Using std::nth_element is using C++. What side effect would that have on Cython C code?

std::nth_element is already used within scikit-learn here:

scikit-learn/sklearn/neighbors/_partition_nodes.pyx

Lines 3 to 64 in ee524f4

    
           # BinaryTrees rely on partial sorts to partition their nodes during their 
        
           # initialisation. 
        
           # 
        
           # The C++ std library exposes nth_element, an efficient partial sort for this 
        
           # situation which has a linear time complexity as well as the best performances. 
        
           # 
        
           # To use std::algorithm::nth_element, a few fixture are defined using Cython: 
        
           # - partition_node_indices, a Cython function used in BinaryTrees, that calls 
        
           # - partition_node_indices_inner, a C++ function that wraps nth_element and uses 
        
           # - an IndexComparator to state how to compare KDTrees' indices 
        
           # 
        
           # IndexComparator has been defined so that partial sorts are stable with 
        
           # respect to the nodes initial indices. 
        
           # 
        
           # See for reference: 
        
           #  - https://en.cppreference.com/w/cpp/algorithm/nth_element. 
        
           #  - https://github.com/scikit-learn/scikit-learn/pull/11103 
        
           #  - https://github.com/scikit-learn/scikit-learn/pull/19473 
        
           cdef extern from *: 
        
               """ 
        
               #include <algorithm> 
        
               template<class D, class I> 
        
               class IndexComparator { 
        
               private: 
        
                   const D *data; 
        
                   I split_dim, n_features; 
        
               public: 
        
                   IndexComparator(const D *data, const I &split_dim, const I &n_features): 
        
                       data(data), split_dim(split_dim), n_features(n_features) {} 
        
                   bool operator()(const I &a, const I &b) const { 
        
                       D a_value = data[a * n_features + split_dim]; 
        
                       D b_value = data[b * n_features + split_dim]; 
        
                       return a_value == b_value ? a < b : a_value < b_value; 
        
                   } 
        
               }; 
        
               template<class D, class I> 
        
               void partition_node_indices_inner( 
        
                   const D *data, 
        
                   I *node_indices, 
        
                   const I &split_dim, 
        
                   const I &split_index, 
        
                   const I &n_features, 
        
                   const I &n_points) { 
        
                   IndexComparator<D, I> index_comparator(data, split_dim, n_features); 
        
                   std::nth_element( 
        
                       node_indices, 
        
                       node_indices + split_index, 
        
                       node_indices + n_points, 
        
                       index_comparator); 
        
               } 
        
               """ 
        
               void partition_node_indices_inner[D, I]( 
        
                           D *data, 
        
                           I *node_indices, 
        
                           I split_dim, 
        
                           I split_index, 
        
                           I n_features, 
        
                           I n_points) except +

Cython is used to have an interface to this C++ algorithm. The side effect is that it has to modify an array somewhere, it can be a temporary array.
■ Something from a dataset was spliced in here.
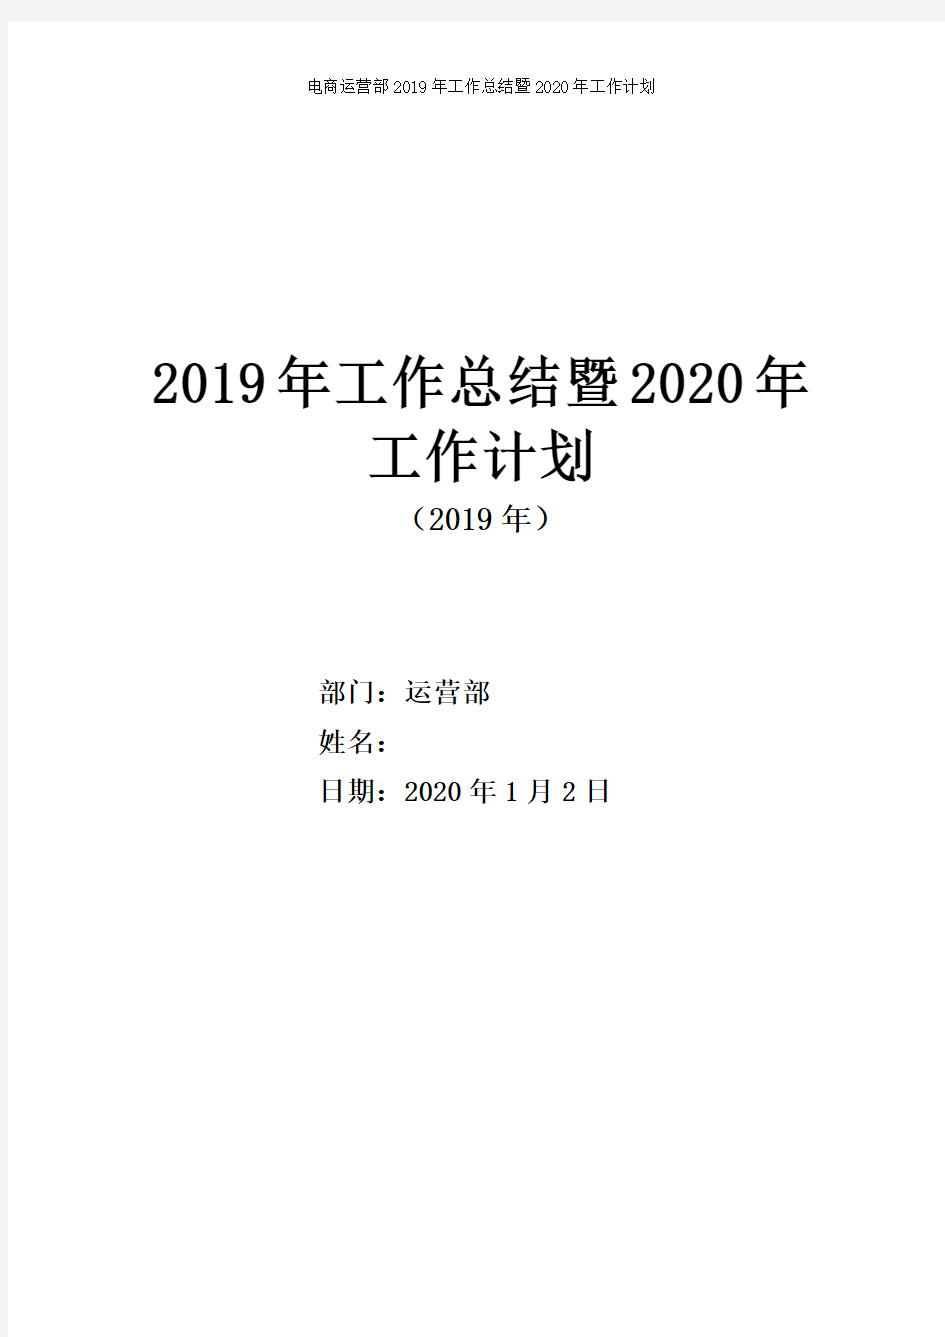 电商运营部2019年工作总结及2020年工作计划

NicolasHug · 2022-01-13T14:41:50Z

Some APIs (like std::nth_element) allows getting the median or a given quantile of a contiguous buffer in O(n) but it does need to mutate a data-structure to sort (it can be the buffer or another data-structure if using a Comparator).

Could it be used there?

We should avoid mutating y_pred or raw_predections, but it's fine to mutate/shuffle the leaf.sample_indices view, so I assume a Comparator could do the job.

Moreover, why can't we compute the median in parallel here?

I'm not sure this will answer your question, but the reason I wrote "this requires a cython version of median() " is because to parallelize the median computation over the leaves, we'd need to do something like

# Cython code:
for leave in prange(leaves):
    median(...)

jjerphan · 2022-01-13T14:50:04Z

Thank you for the update, @NicolasHug.

We could std::nth_element in prange; we first need to access if it makes sense optimizing it.

lorentzenchr · 2022-01-13T15:48:42Z

My concern is that adding one single C++ function median and using it inside other Cython code will force the whole HGBT Cython base to be C++. I'm thinking about the following but can't make it work due to Python interactions

_update_leaves_values calls a new function, defined in a pyx file

def median_over_leaves(n_leaves, indices, y_true, raw_prediction, sample_weight):
    """
    indices : list of sample_indices (ndarray)  # Note that each node has sample_indices of different shape
"""
    # initialise the array median_leaf
    for i in prange(n_leaves):
        tmp = y_true[indices] - raw_prediction[indices]
        median_leaf[i] = median_cpp(tmp)

As long as indices is a list, this won't work.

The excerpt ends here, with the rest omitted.